In the late 1940s Esther Bick with the support of John Bowlby founded the child psychotherapy training at the Tavistock Clinic.  Esther Bick wanted to see if child analytic work could be brought to the new National Heath Service and convinced Melanie Klein that it was possible to conduct authentic psychoanalytic treatment for children seen with less frequency than the 5 (or 6!) times weekly treatments.  Melanie Klein found this quite convincing and so with her blessing the first training using her technique was started.

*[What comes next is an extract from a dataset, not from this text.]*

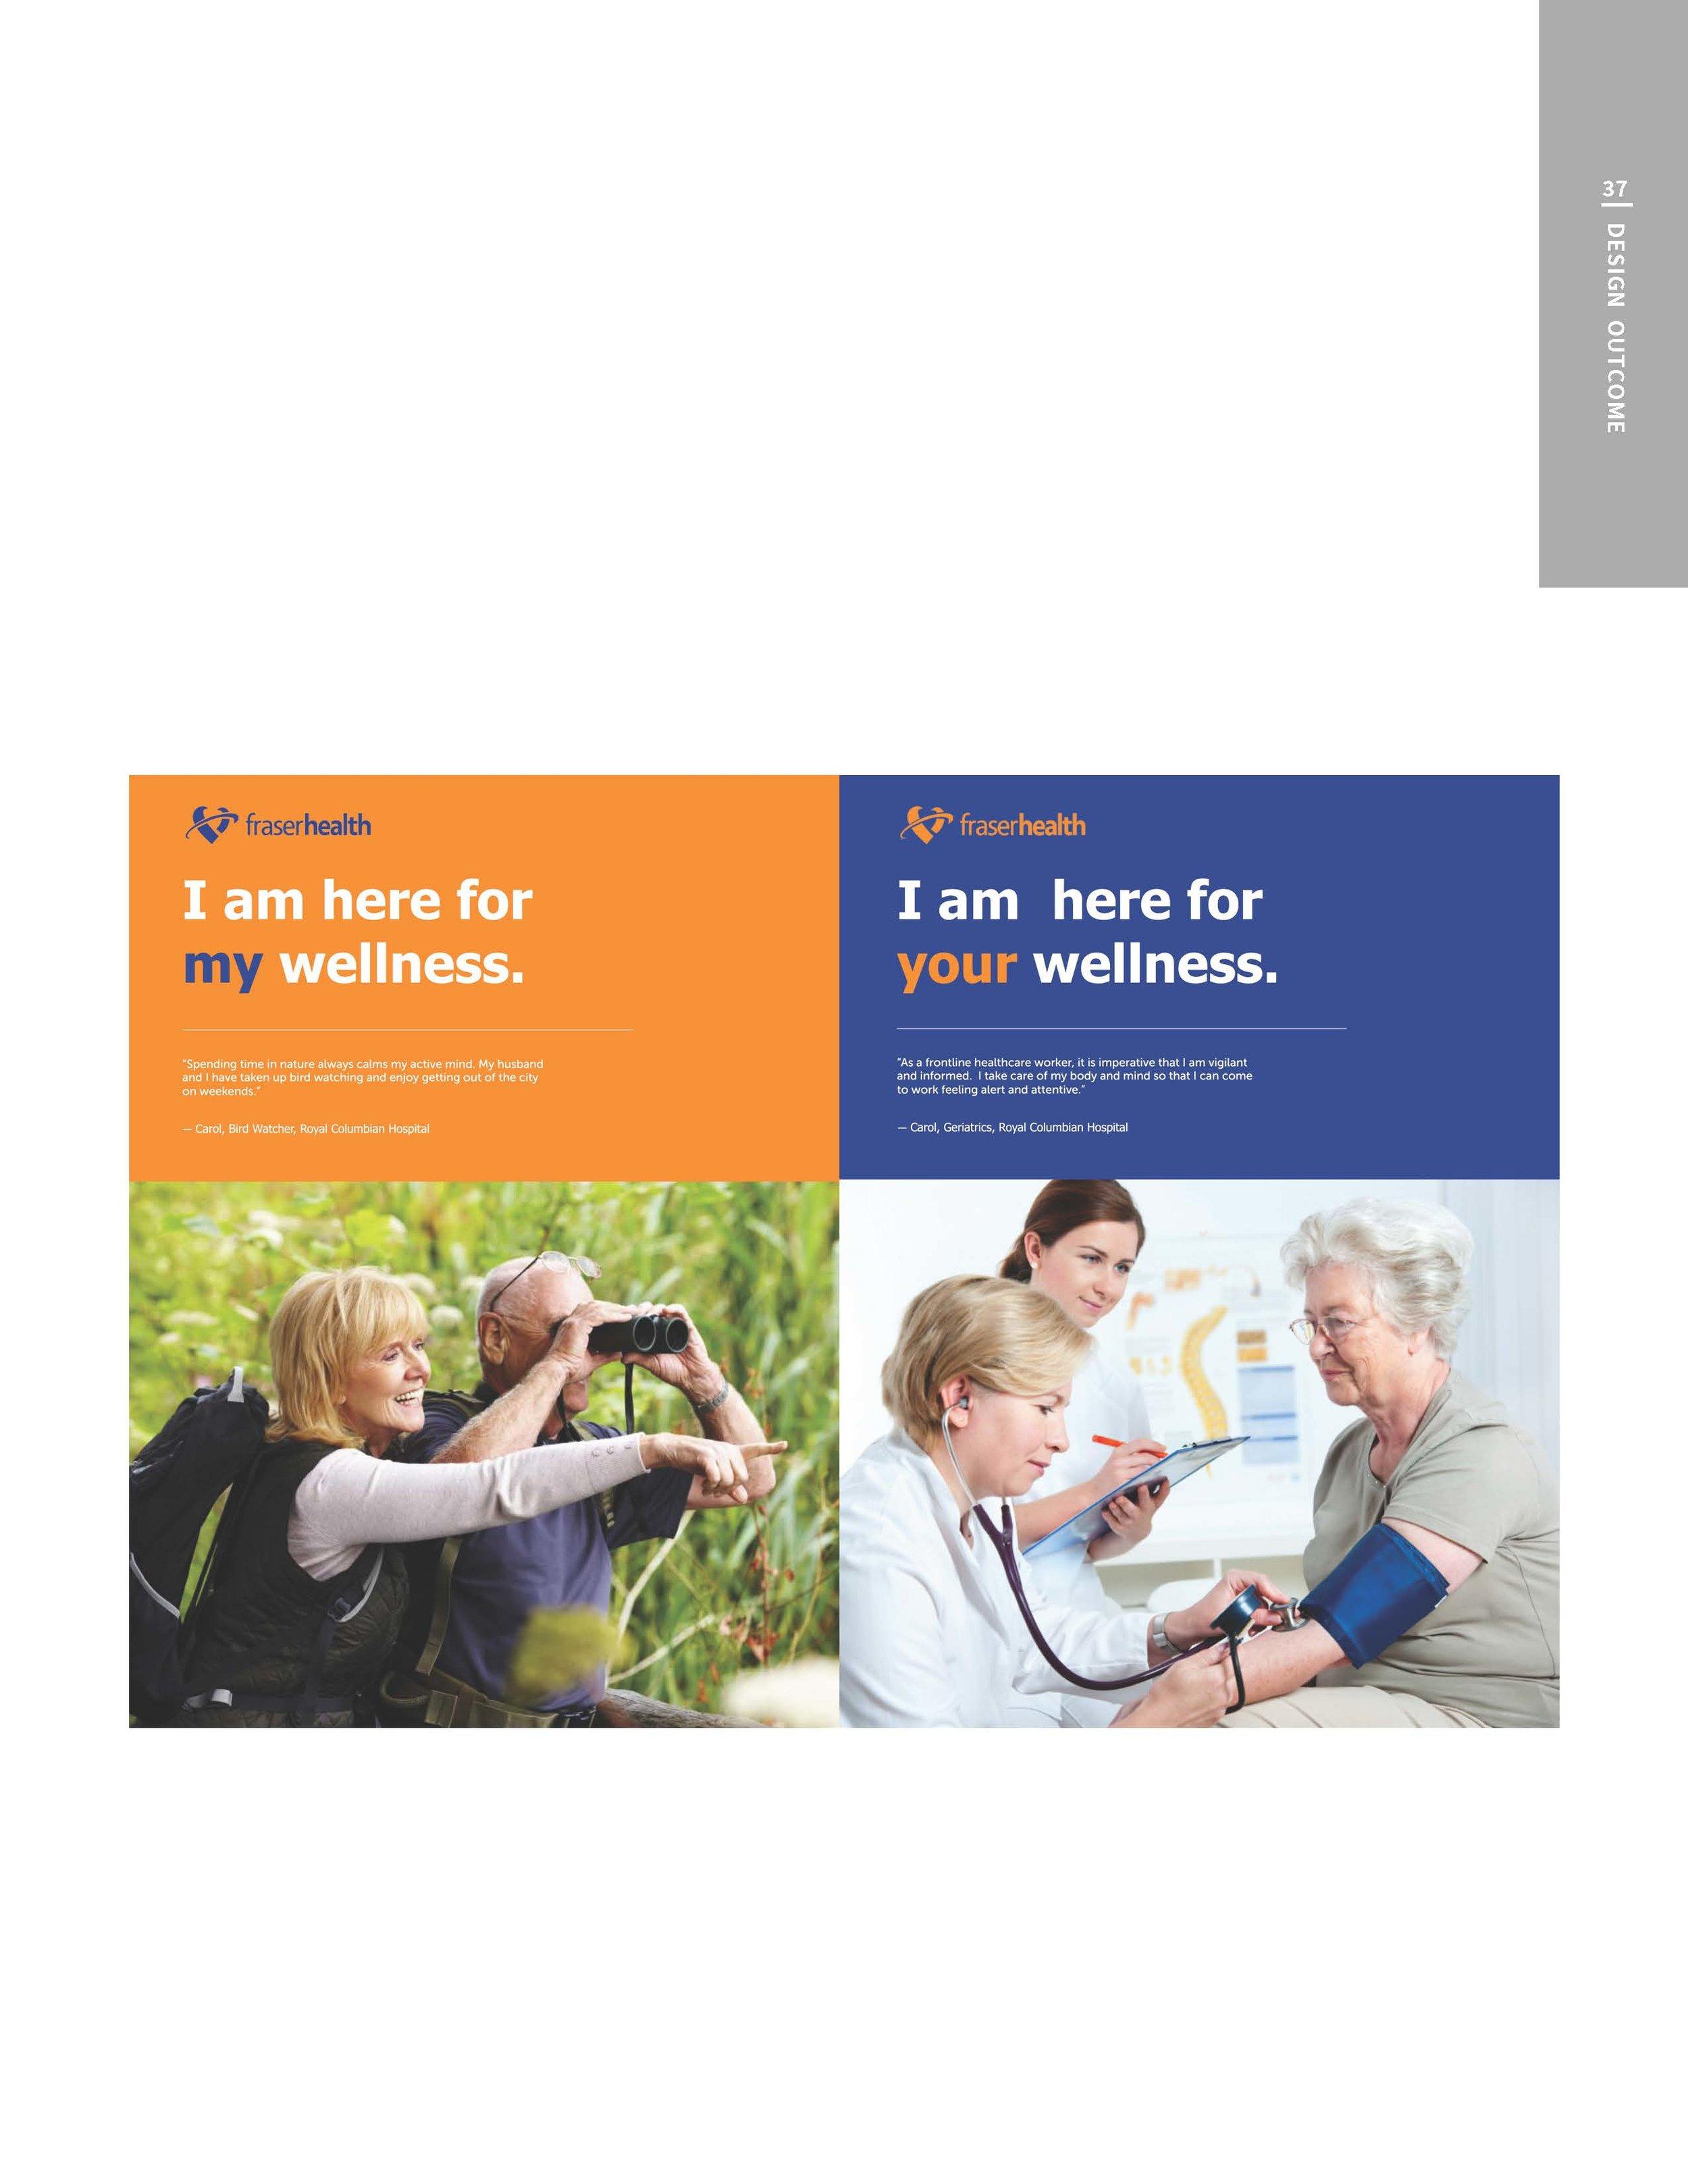 Copy of HDL_Fraser_Health_V4_Page_37.jpg

The training has been led at different times by other internationally known child analysts and child psychotherapists Martha Harris, Donald Meltzer, Gianna Williams, Anne Alvarez and Margaret Rustin to name but a few.  It has continued ever since and is now the largest child psychotherapy training in the UK.  Later the wish to spread child analytic work beyond London led first to Edinburgh with the training of the Scottish Institute of Human Relations and more recently the Northern School of Child and Adolescent Psychotherapy and the Birmingham Trust for Psychoanalytic Psychotherapy. There are also many trainings in psychoanalytic institutes and child psychotherapy organisations all over the world using Melanie Klein’s technique.

 

Thus Melanie Klein’s contribution to the analysis of children lives on in vital and developing ways as an essential part of psychoanalysis.

 

Robin Anderson

June 2008

 

Dr Robin Anderson (M.B., B.S., M.R.C.Pych.,) is a child and adult psychoanalyst in part-time private practice and is a Training and Supervising Analyst of the Institute of Psychoanalysis and British Psychoanalytical Society.